Habra further reveals how our personal memories strengthen our sense of attachment. The poem, “The Taste of the Earth”, describes the bond memories create with the different places people live in. This collection of memories is a sense of belonging to the earth as a whole. There is a strong nostalgic voice for the poet’s Mediterranean roots in “Once Upon a Time, an Olive Tree” and reflections on memories of space in “The House of Happiness”, which is viewed through the sieve of time. Historical memory, rituals, and traditions find their way into Habra’s verses like in the poems such as “What’s in a Cup?”, which portrays memories of the practice of reading fortune in a coffee cup and links such traditions, rituals, to power of imagination; “Eating Pizza in a Renovated Hammam in Granada” is a concoction of history, art, food, memories, and tradition. “Phoenicians Once Sailed from These Shores” synthesizes the ancient Phoenician civilization with the present conditions of the Lebanese people, highlighting the lifelong (lost) battles of the Phoenicians. For the poet, time loses its linearity through memory, making one “dizzy with the illusion that past, present and future come together at once” (“Riding the Winged Tricycle”). Habra shows how memory, whether personally or historically experienced, is map into all times, “an amnesic reconstruction, sweeping dreams from stones” (“The Map of Memory”).

Furthermore, The Taste of the Earth brings the traumas and anxieties of wars into verse, looking at the suffering of those who lost their homes, and those who lost the ability to return to them again. Traumas of lost chances, lost worlds, and crushed souls of children and adults alike are shown in many poems such as “Recurrent Dream”, where “war traumas where memories and fantasies collide” and “home is the enemy”; and in “No Man’s Land” and “The Green Line”, the poet graphically details war terrors and sniper scenes. The horrific fear of a mother fleeing a war with two of her babies in “Vanishing Point” pictures the war scene from an actual lived experience, resonating with “Reading by Candlelight”, which captures the war through the news, where “the flames of violence filtered by the TV screen, more virtual each day, still color the news, images hiding the smell of blood and charred skin.”

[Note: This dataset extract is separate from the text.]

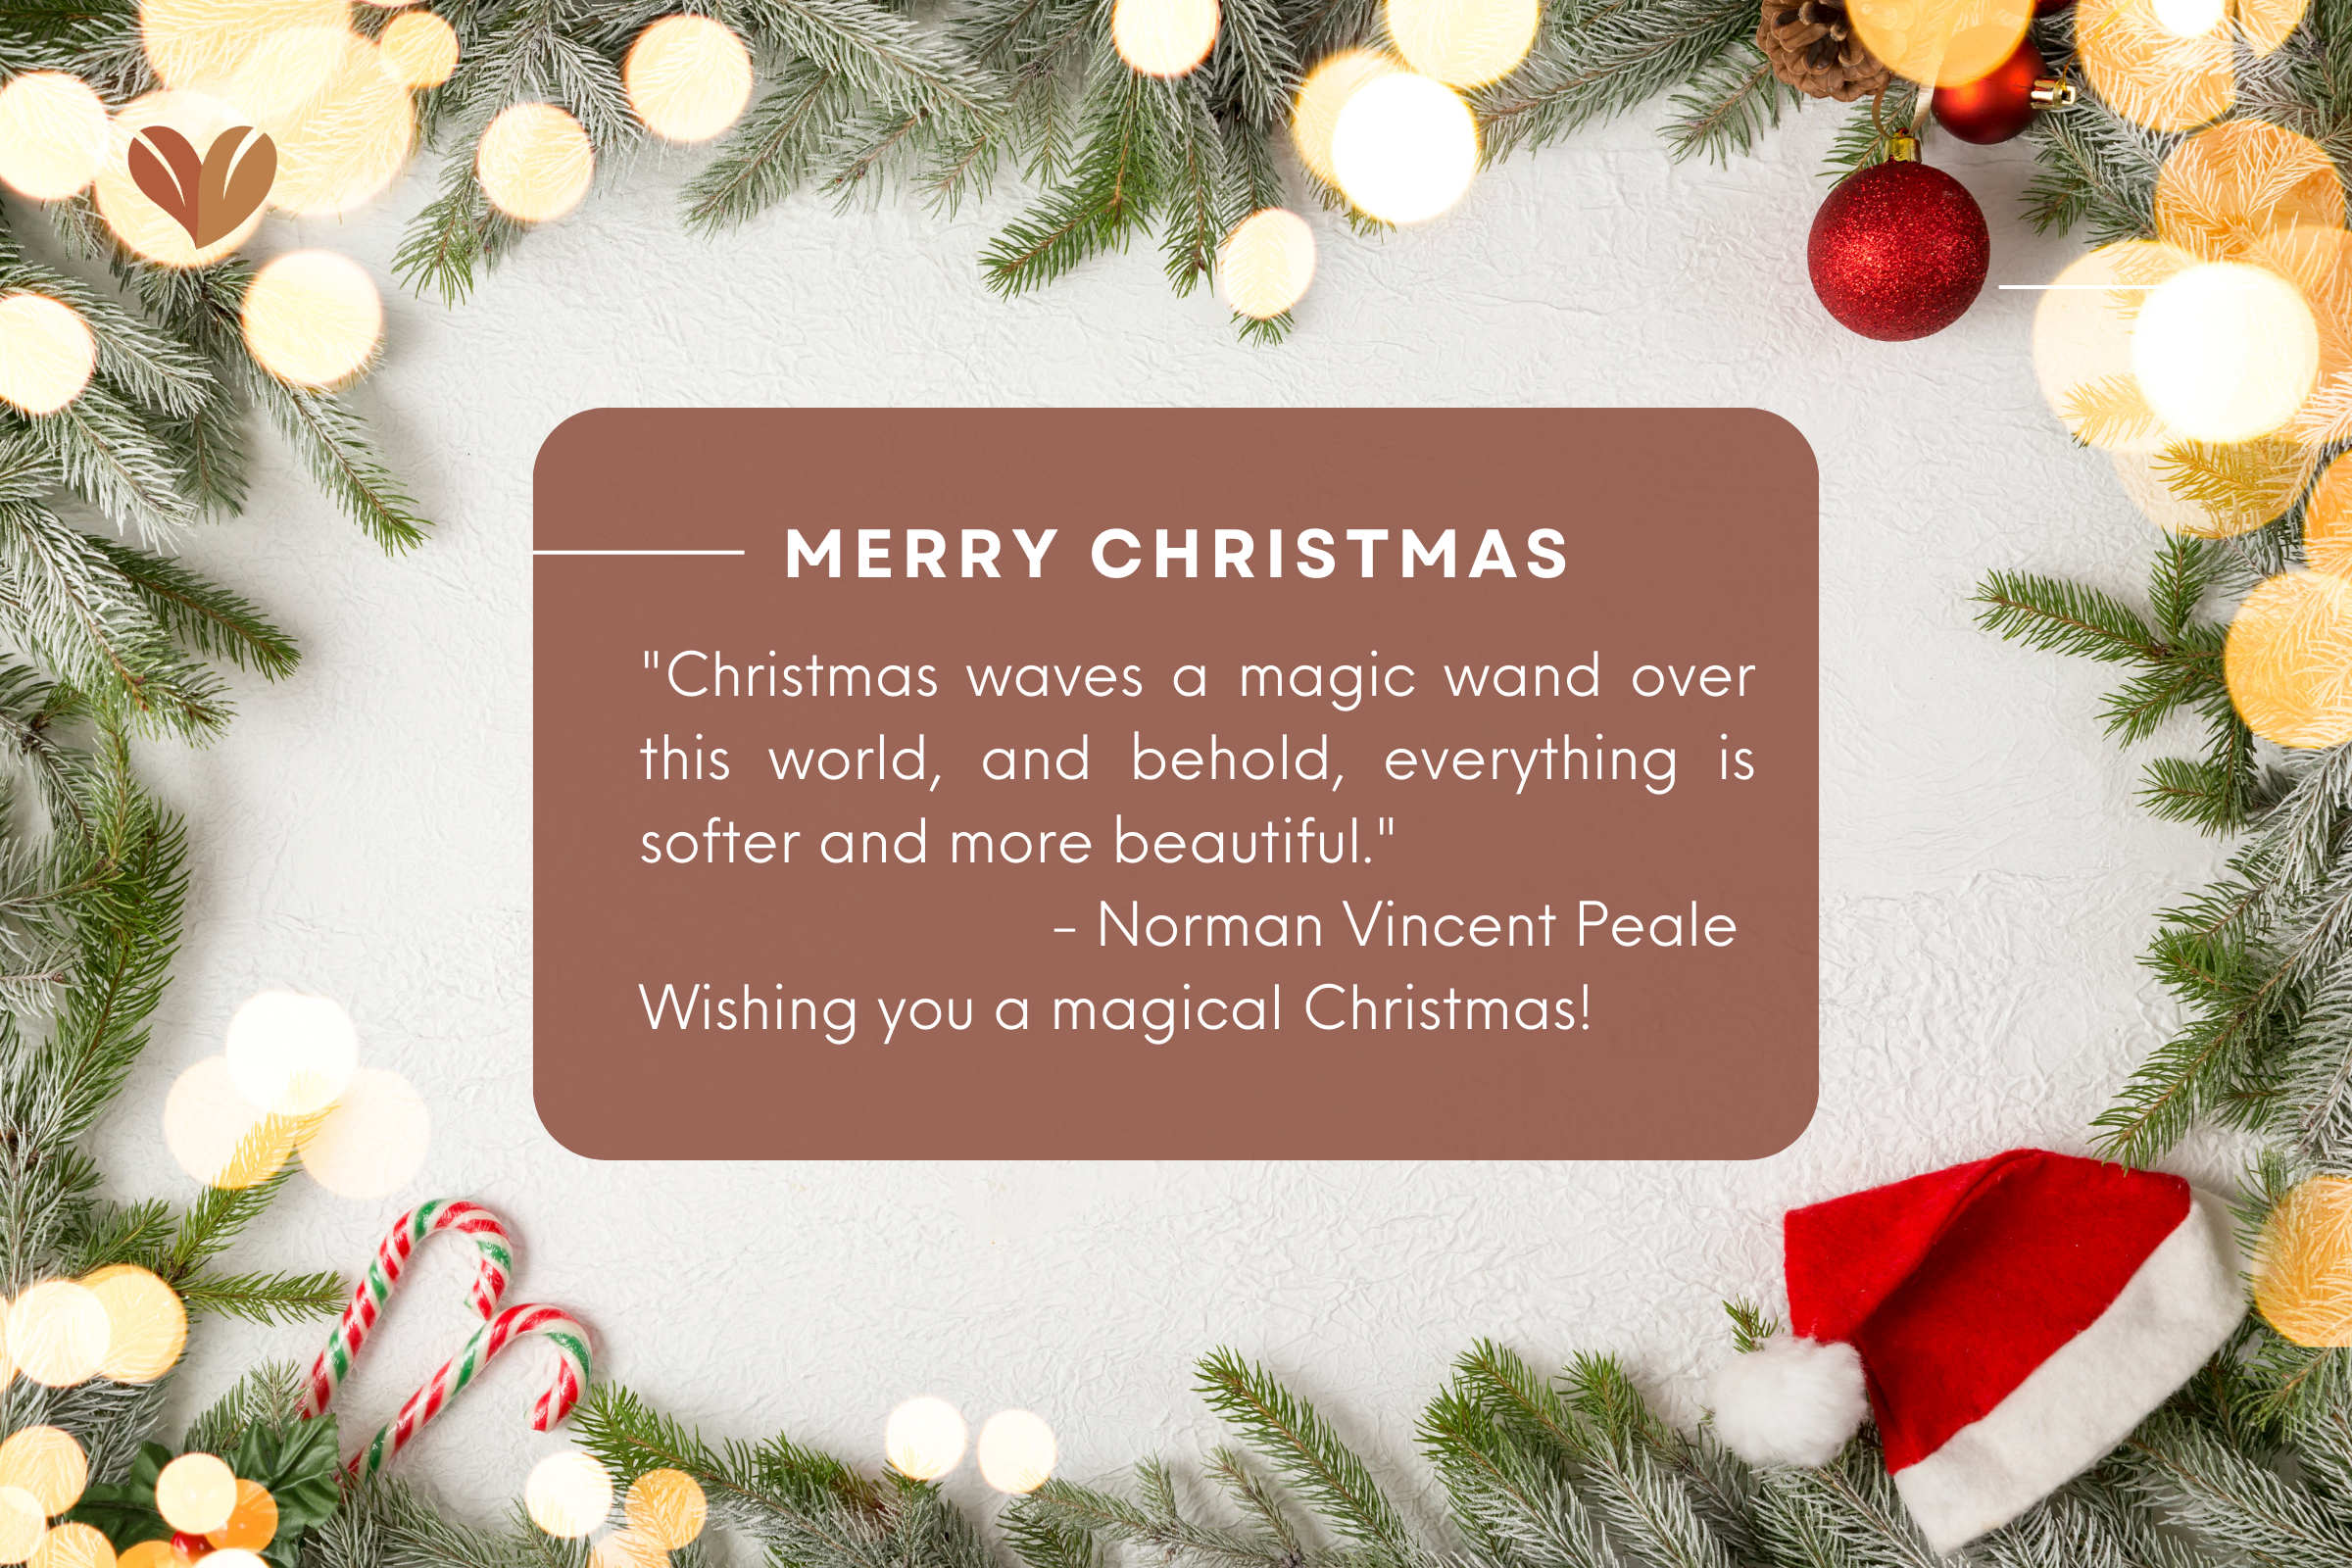 Christmas greetings message

In “Meditations Over the Eye of Horus” Habra masterfully continues to weave in memories and reflections synesthetically. Six senses unite in the eye of Horus, just like they do in the rest of the poetry collection.  In her meditations, the poet speaks to the collective human soul in the language of poetry, mythology, and history written and carved in the senses, returning to the skin again, which “remembers the scent of essential oils”. Furthermore, to (literally) add to the richly palatable poems, the most exquisitely portrayed sense in “Meditations Over the Eye of Horus”, is that of taste, “grounds us to the earth…Words and tastes are like grains of sand that form and gather, melt and solidify to form the most unexpected natural or man-made monuments”. For Habra, “Each recovered taste/opens a liminal space/ filled with stills and scenes”. And the recovery of taste, along with the other senses, is an art achieved through Habra’s exquisite use of language and her mosaic arrangement of memories and meditations.

With Hedy Habra’s poised and elegant voice in every poem of The Taste of the Earth, the collection is a powerful synthesis of the senses that blurs the line between the mnemonic and the corporeal, experience and emotion. Habra delves into the depth of her inner beauty and wisdom, capturing images of what goes on behind closed eyes—the visions of a creative soul.